Я не могу сказать, намеренно ли Брайан Уильямс приукрасил свой рассказ, но, если следовать презумпции невиновности, кажется, что он вспомнил множество верных элементов, но воссоздал принципиально неверный сюжет. Его творческая реконструкция пошла наперекосяк.
Наши воспоминания обычно не так далеко отклоняются от цели, как рассказ Уильямса об Ираке, но обширные научные данные позволяют считать, что иногда мы с уверенностью вспоминаем то, чего на деле не происходило. В 1995 году Генри Рёдигер III и Кэтлин Макдермотт из университета Вашингтона в Сент-Луисе продемонстрировали это в рамках эксперимента, о котором теперь рассказывают почти в каждом вводном курсе психологии[118]. Они просили участников заучивать списки слов, таких как:
Теперь сделайте одолжение. Не глядя на список, подумайте, какие слова вы видели? Вы прочитали слова «страх» и «ярость»? А слово «злоба» там было? Если вам кажется, что да, – вы ошибаетесь, но вы не одиноки. Участники эксперимента Рёдигера и Макдермотт с одинаковой вероятностью припоминали слово «злоба» и слова, которые действительно прочли, – например, «страх» и «ярость».
Ученые часто приводят эти данные как довод в пользу того, что люди подвержены «ложным воспоминаниям», и возможные последствия ошеломительны. Читая о подобных исследованиях, вполне естественно поддаться нахлынувшим сомнениям: а вдруг наши самые драгоценные воспоминания тоже вранье? Но думать об этом следует несколько иначе.
Как выразился Джон Лайдон, бывший вокалист групп Sex Pistols и Public Image Ltd., «я не верю в ложные воспоминания – как не верю в ложные песни». В реальном мире воспоминания нельзя свести к простым черно-белым противопоставлениям: сильные – слабые, истинные – ложные. Когда люди со здоровым мозгом переживают некоторое мысленное путешествие во времени и говорят: «Я точно это помню», они, скорее всего, что-то извлекают из прошлого. Но даже когда отдельные элементы воспоминаний истинны, общий сюжет может оказаться ложным.

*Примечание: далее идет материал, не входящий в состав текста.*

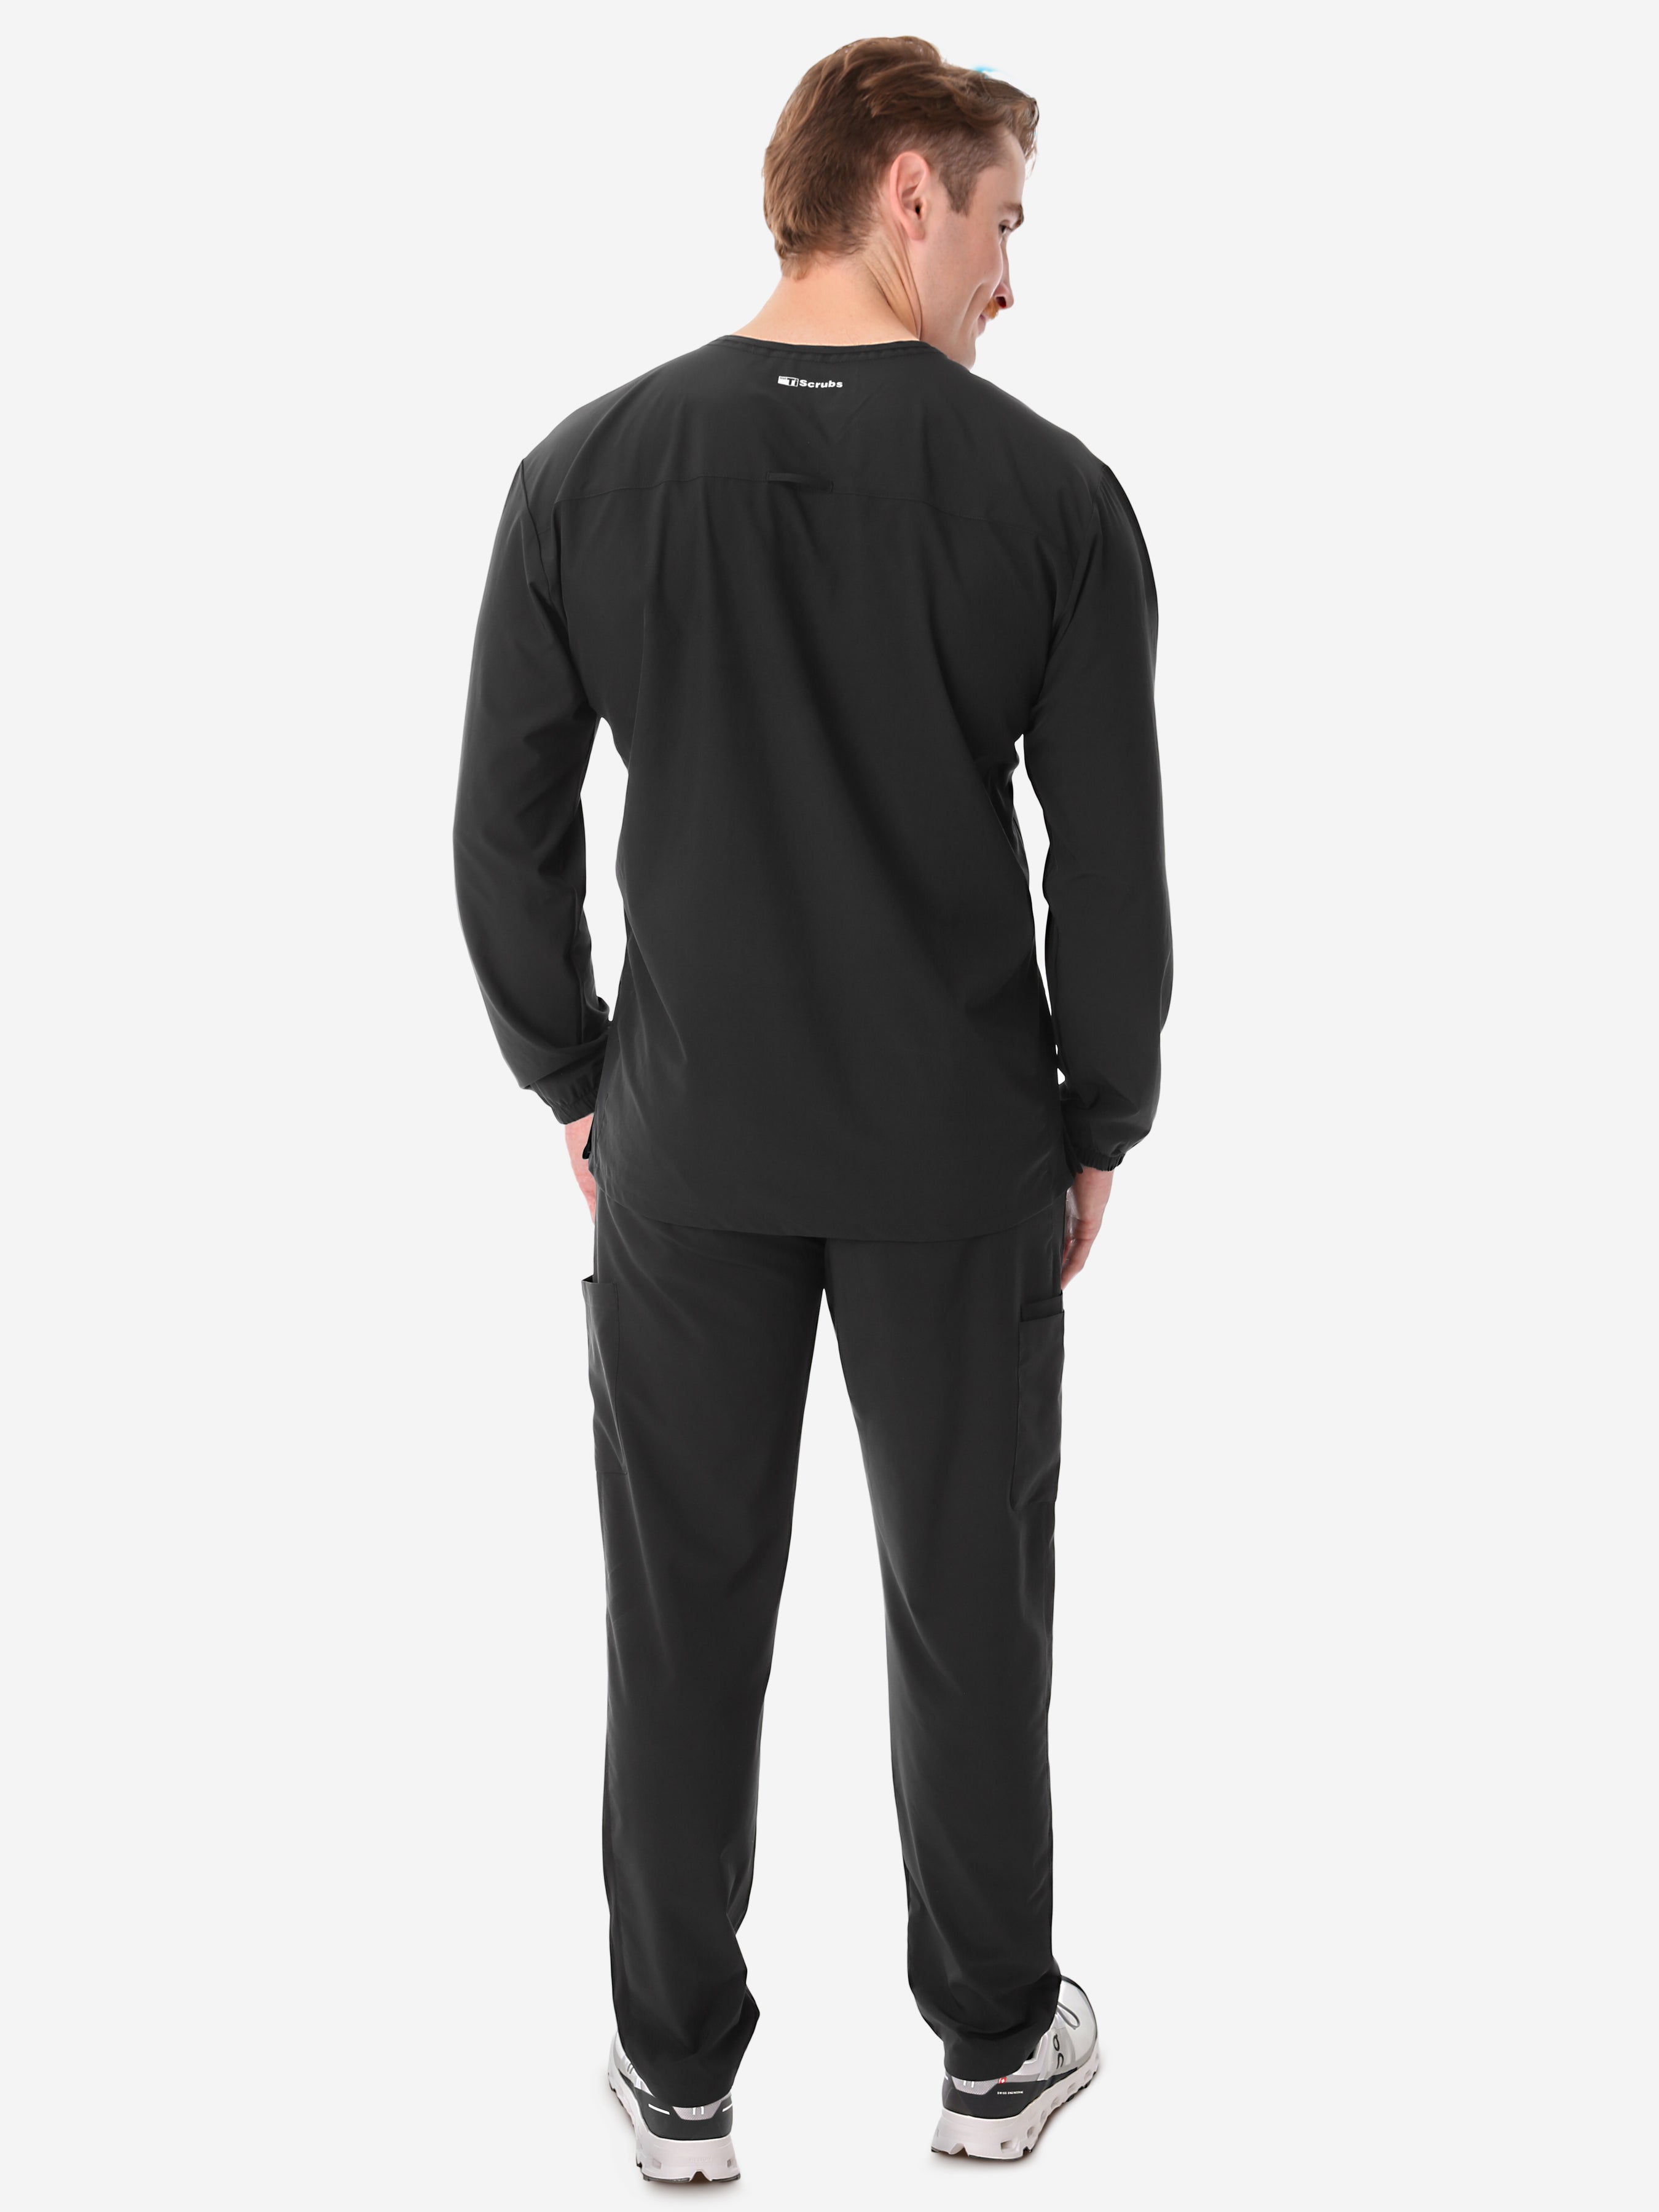 Men&#39;s Long Sleeve Scrub Top with Two Chest Pockets Real Black Full Body Back View
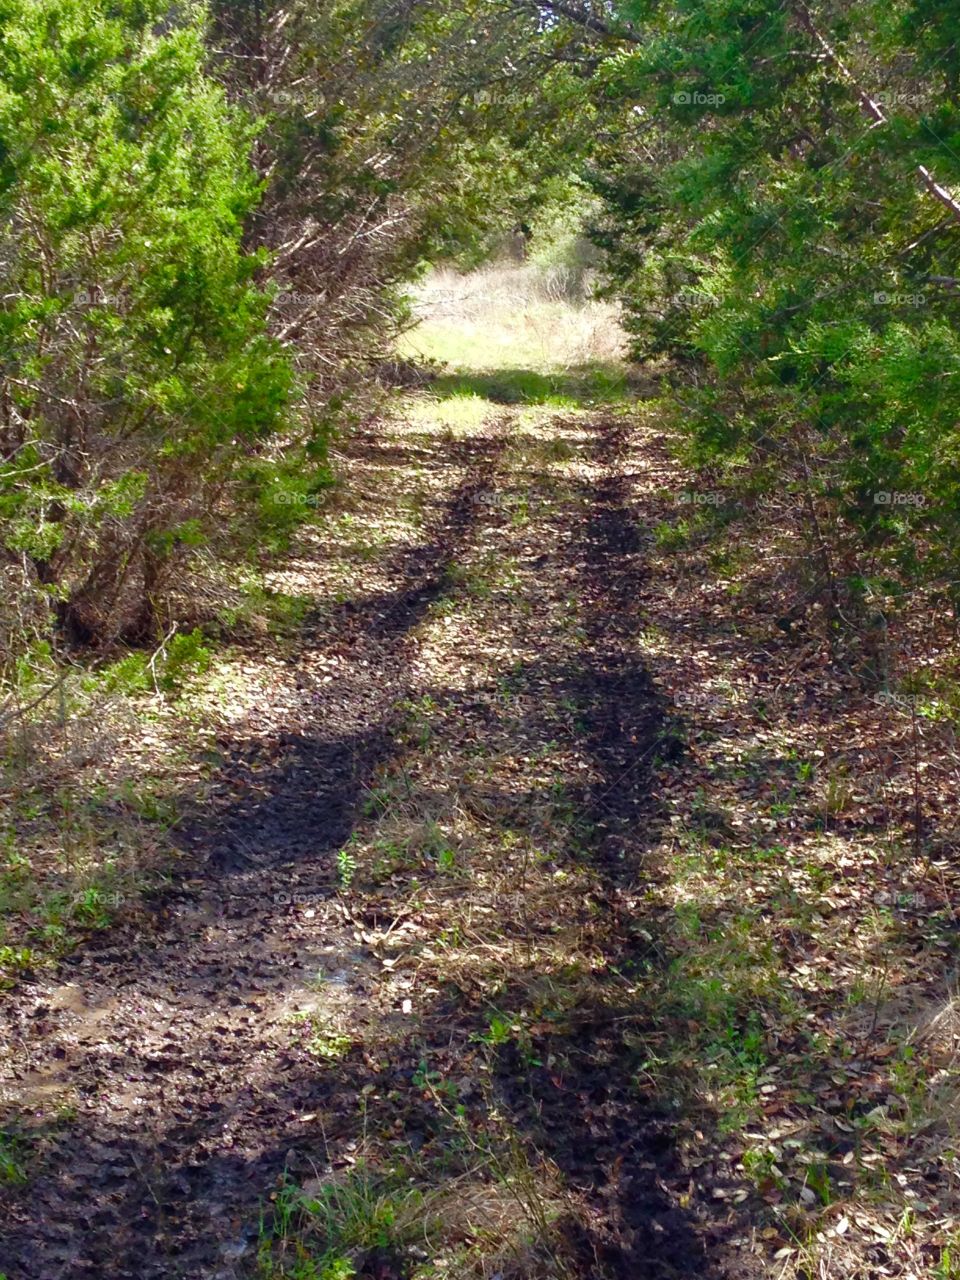 Pathway in the woods made by our Polaris four wheeler.

Эксперимент Рёдигера и Макдермотт был специально разработан, чтобы натолкнуть людей на мысль о злобе или даже на воспоминание из жизни о том, как они злились. Так что, когда их испытуемые (или вы сами) припоминали, что слово «злоба» было в списке, в каком-то смысле это воспоминание было истинным, но неверно реконструированным. Может быть, так вышло и с Брайаном Уильямсом.
Не все одинаково подвержены ложным воспоминаниям. Люди с амнезией, как правило, не попадаются на удочку «злобы»: они не в силах припомнить достаточно информации, чтобы совершить ошибку реконструкции[119]. Некоторые исследования предполагают, что люди с аутизмом или другими нарушениями нервно-психического развития тоже более устойчивы к образованию ложных воспоминаний, потому что они чаще запоминают события в конкретных подробностях, утрачивая общий смысл[120]. Эти исследования указывают, что абсолютная устойчивость к ложным воспоминаниям может стоить нам способности создавать осмысленные реконструкции прошлого.
Все эти искания ведут к более глубокой истине о памяти. Говоря об «истинных» или «ложных» воспоминаниях, мы в корне неверно представляем работу памяти. Мне нравится думать о ней скорее не как о фотографии, а как о картине. На картинах обычно есть и элементы, повторяющие натуру, и искаженные или приукрашенные элементы, а вдобавок еще и трактовки, которые не абсолютно ложны или истинны, но скорее отражают точку зрения художника. То же верно и для памяти.
Как мы увидим, воспоминания не истинны и не ложны – они создаются в моменте, отражая как фрагменты того, что на самом деле случилось в прошлом, так и предрассудки, искажения и стимулы, которые окружают нас в настоящем.
Заполните пропуски
Нам нравится представлять себе воспоминания так, будто они осязаемы[121]. Будто где-то в сейфе мозга хранится исчерпывающий каталог всего нашего событийного опыта. Как я писал во второй главе, гиппокамп хранит что-то вроде каталога, позволяющего отыскать в мозге клеточные ансамбли, которые были активны во время некоторого события в прошлом, чтобы перезагрузить мозг в состояние, в котором он находился во время того события. Нейробиологи зачастую рассматривают память именно с этой точки зрения, описывая вспоминание как запуск в точности того же собрания нейронов, что были активны во время события. Фредерик Бартлетт, убежденный, что память – акт «творческой реконструкции», занимал принципиально иную позицию. Он напрочь отвергал представление о следах памяти, утверждая, что воспоминания рождаются в момент реконструкции. Другими словами, нет смысла говорить о единичном воспоминании о событии, когда можно сконструировать бесчисленное количество воспоминаний, описывающих то же событие.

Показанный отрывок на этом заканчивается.